German Cancer Research Centre

Non-coding RNA, chromatin remodeling and transcription: Epigenetic control of nucleolar transcription

Epigenetic mechanisms silence a fraction of rRNA genes (rDNA) by establishing heterochromatic features at the rDNA promoter. Silencing of rDNA is mediated by NoRC, a chromatin remodeling complex that interacts with DNA methyltransferase(s), histone deacetylase(s) and histone methyltransferase(s), thereby targeting enzymes to the rDNA promoter that are required for heterochromatin formation and transcriptional repression. Importantly, NoRC function requires the association with 'pRNA' ('promoter-associated RNA'), a 150-250 nt RNA moiety that is complementary in sequence to the rDNA promoter. Antisense-mediated depletion of pRNA leads to displacement of NoRC from nucleoli, decrease in rDNA methylation and activation of Pol I transcription. In contrast, overexpression of pRNA mediates heterochromatin formation, de novo DNA methylation and transcriptional repression. A 20 nt sequence in the 5'-terminal part of pRNA interacts with the target site of the transcription factor TTF-I, forming a triple-stranded structure that is specifically recognized by the DNA methyltransferase DNMT3b. The results reveal a compelling RNA-based strategy for epigenetic programming, implying that ncRNAs can guide DNA methyltransferase to specific genomic sites to methylate DNA and silence transcription. Data will be presented showing that DNA:RNA triplex-mediated targeting of DNMTs is not restricted to rDNA but has the potential to act on other genes that are silenced by DNA methylation.

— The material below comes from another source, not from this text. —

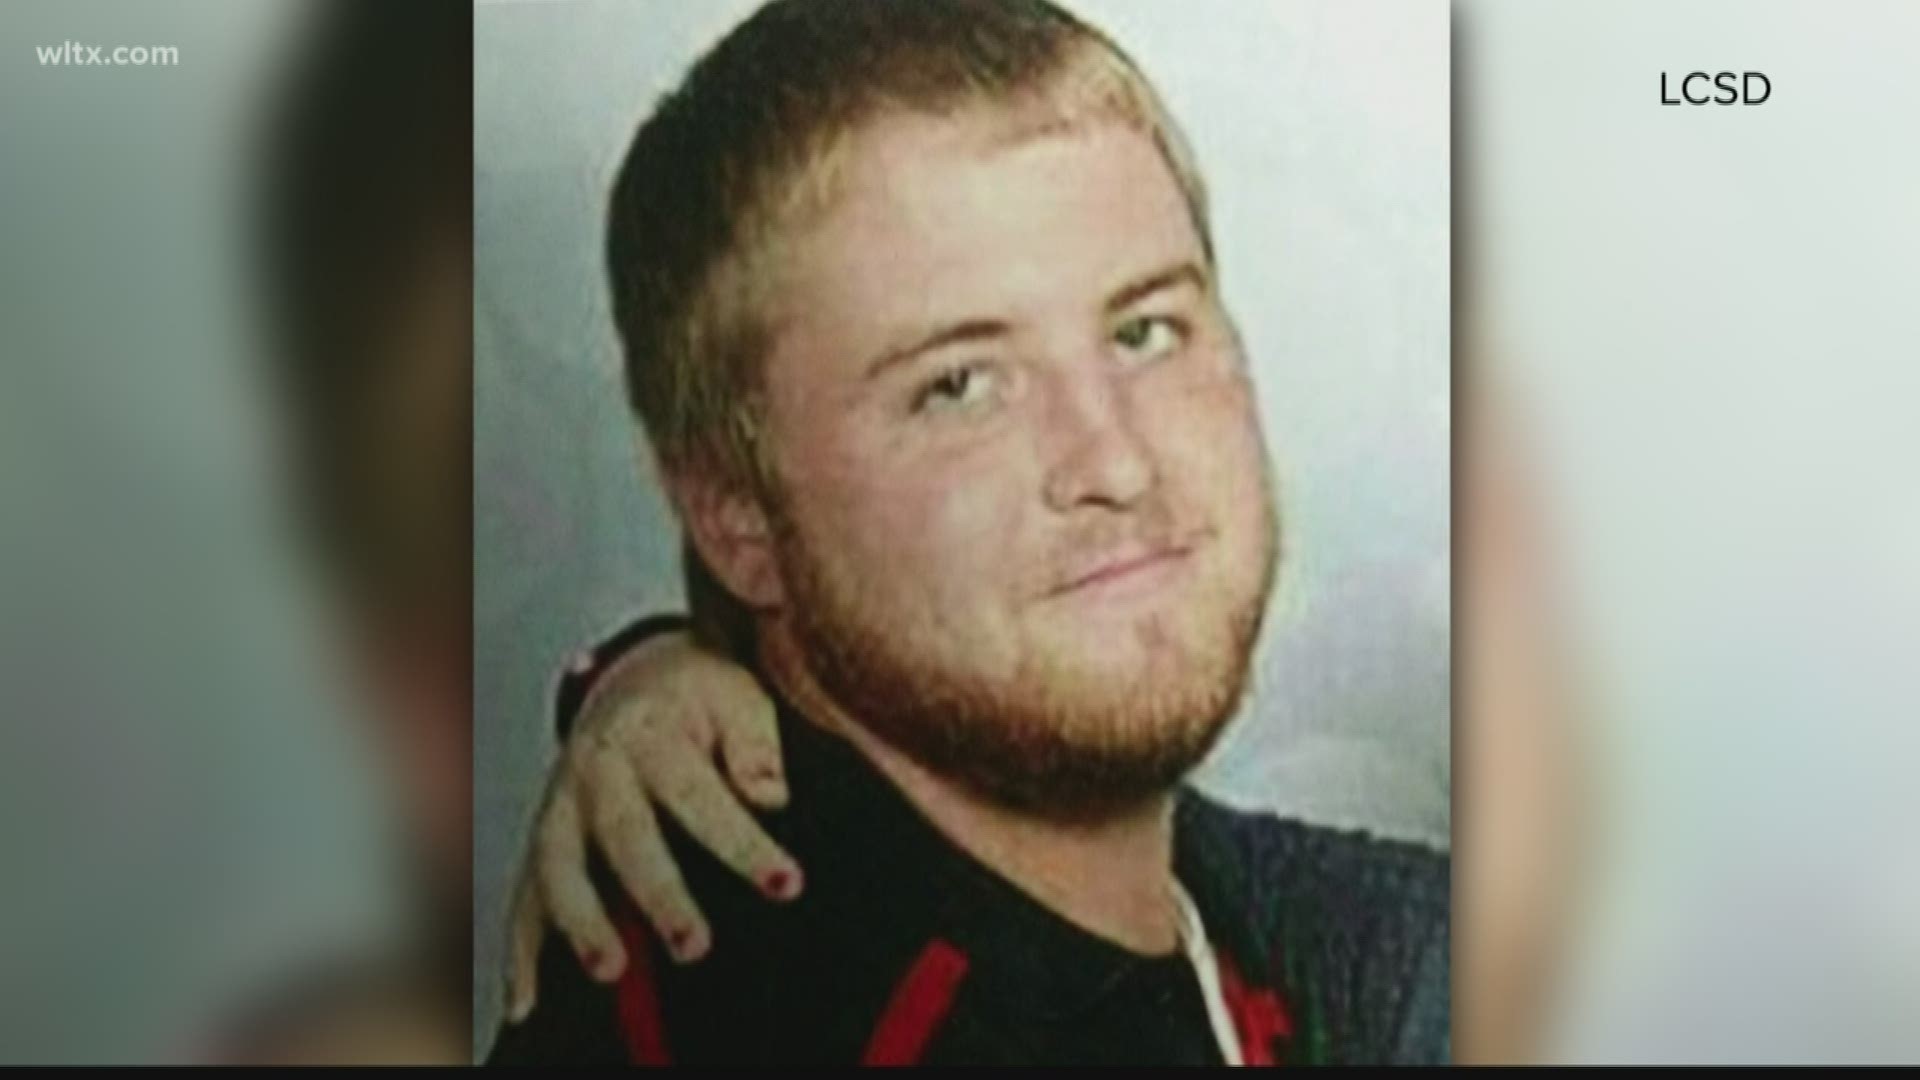 Taylor Johnson, 22, was found in a wooded area in Batesburg-Leesville on February 15th.

In addition, rDNA is also transcribed in antisense orientation, yielding a heterogeneous population of long RNA polymerase II-directed transcripts that cover the pre-rRNA coding region and overlap the rDNA promoter. Down-regulation of transcription in response to environmental or developmental cues correlates with increased levels of antisense transcripts and elevated levels of H4K20 trimethylation (H4K20me3) across rDNA. The methyltransferase Suv4-20h2 specifically interacts with antisense RNA, leading to H4K20 trimethylation and compaction of chromatin. An increase in antisense transcripts and enhancement of H4K20me3 in quiescent cells was also observed at promoters of protein-coding genes, suggesting a general RNA-based targeting mechanism that directs Suv4-20h2 to regulatory sequences, thus creating a chromatin environment that impairs transcription. The results link growth-dependent transcriptional regulation to H4K20 trimethylation, suggesting a compelling mechanism of gene regulation that leads to changes of chromatin structure in response to external challenges.

Biography

Ingrid Grummt received her PhD in 1970 at the Humboldt-University in Berlin, worked as a Postdoc at the German Academy of Sciences in Berlin-Buch and the Max-Planck-Institute of Biochemistry in Munich, and has led a research group since 1977. She has been Head of a Research Division at the German Cancer Research Center in Heidelberg since 1990 where she addresses the mechanisms that link transcription to cell proliferation and chromatin structure, focusing on the role of ncRNA in chromatin structure and epigenetic regulation. Her work has uncovered a novel RNA-based strategy for epigenetic programming, demonstrating that DNA:RNA triplexes serve as binding platforms for chromatin modifying enzymes.

She is an elected member of several academic councils and scientific advisory boards and has received numerous awards for her work, ranging from the Gottfried Wilhelm Leibniz Prize for German Scientists in 1990 to the FEBS/EMBO Women in Science Award in 2010.